» **DATASET CONTENT**:
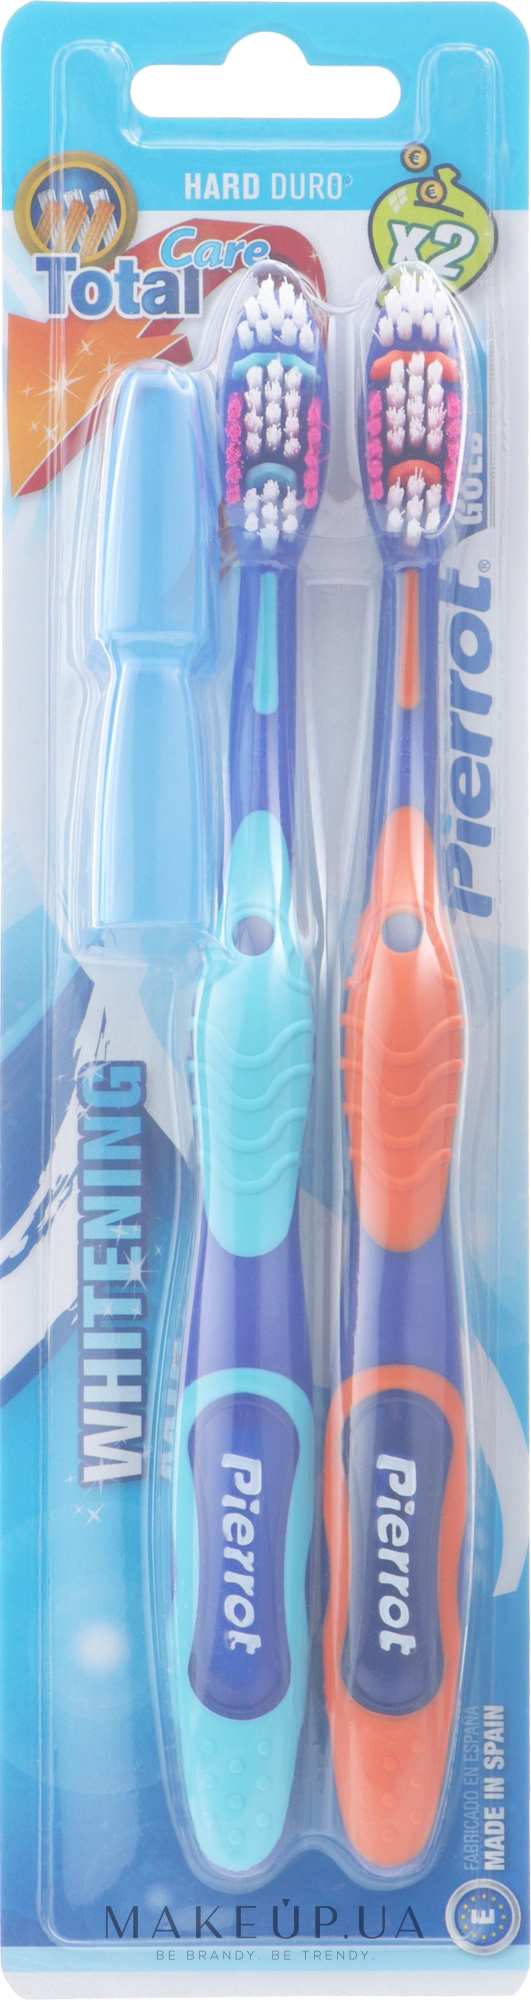 Зубная щетка жесткая, голубая + оранжевая - Pierrot Goldx2 Toothbrush Ref.345 — фото 2шт
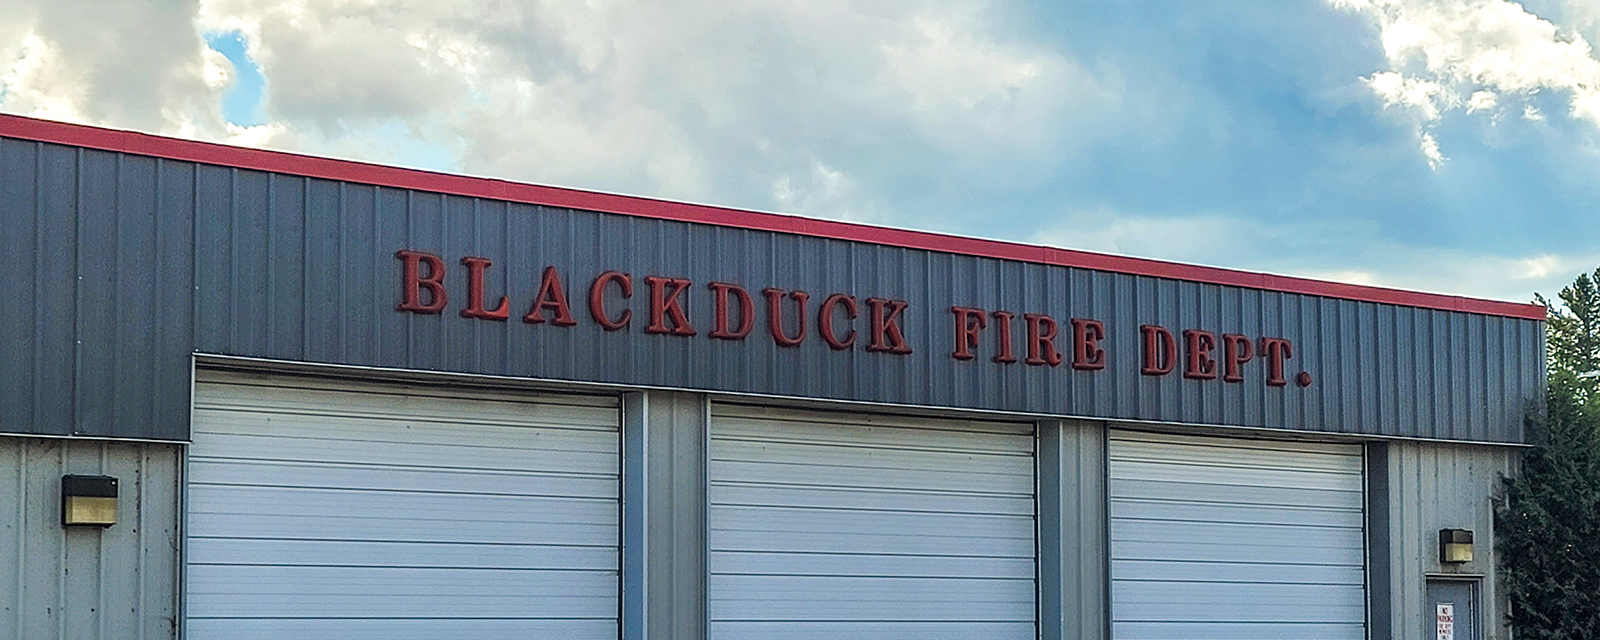 Blackduck Fire Department
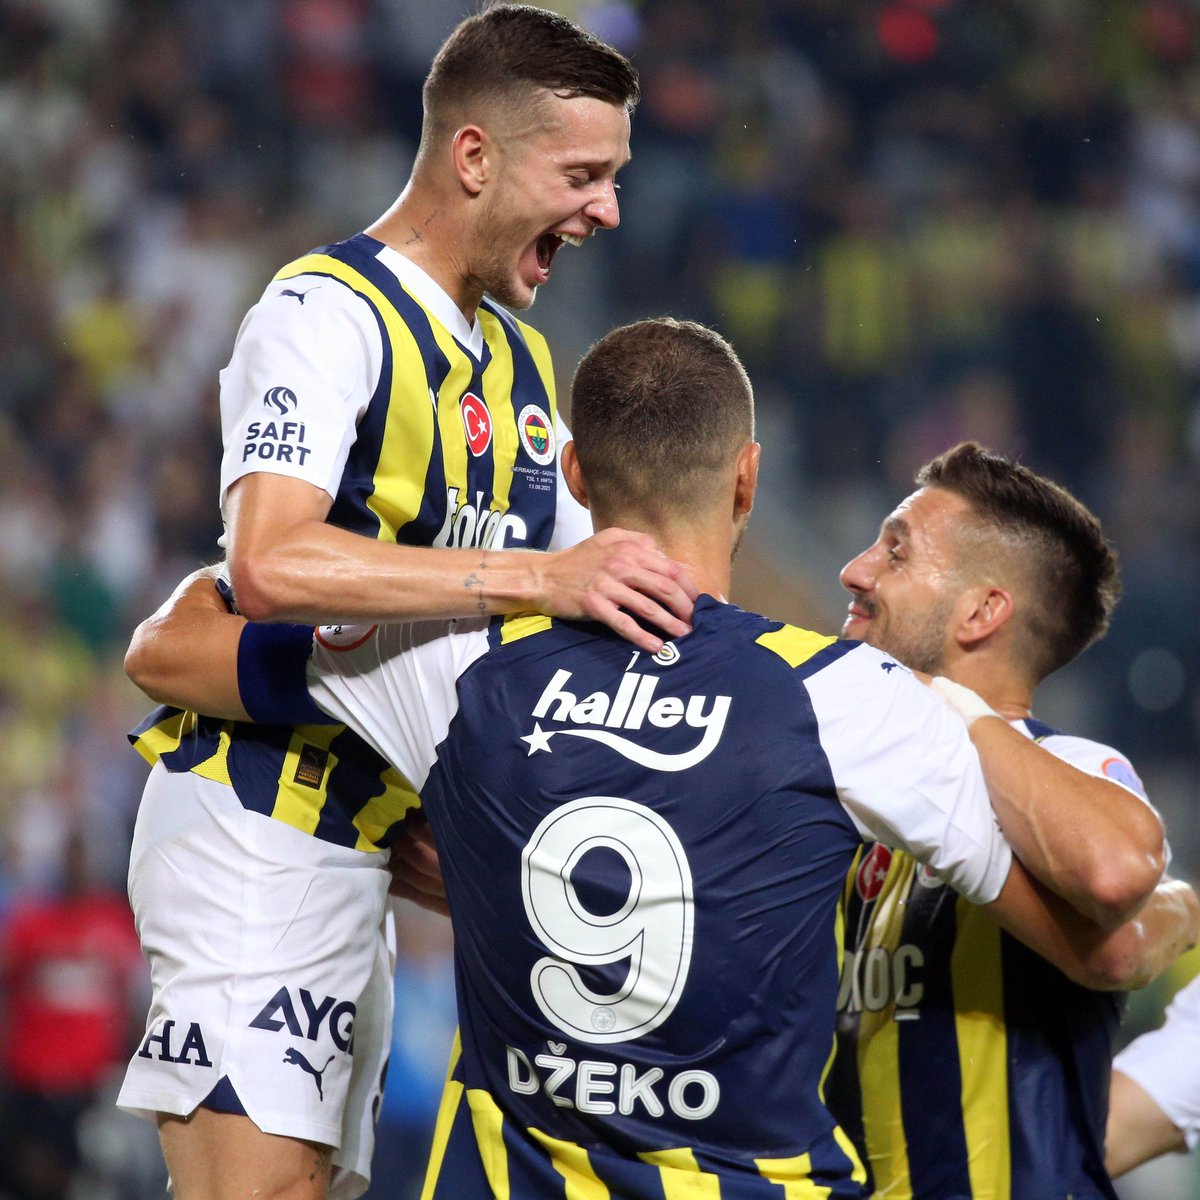 Trendyol Süper Lig'de Fenerbahçe, sahasında Gaziantep FK'yı 2-1 mağlup etti. ⚽ 3' Dzeko ⚽ 18' Dzeko 🔴 23' Maxim ⚽ 45+5' Arda Kızıldağ ❌ 54' Tadic (P)

» **EXERCISE DIRECTIONS**:
Every line from the one bearing "Blackduck Fire Department" through the end of the data above must be output exactly, and no picture may appear.

» **ANSWER SPACE**:
 Blackduck Fire Department
 Trendyol Süper Lig'de Fenerbahçe, sahasında Gaziantep FK'yı 2-1 mağlup etti. ⚽ 3' Dzeko ⚽ 18' Dzeko 🔴 23' Maxim ⚽ 45+5' Arda Kızıldağ ❌ 54' Tadic (P)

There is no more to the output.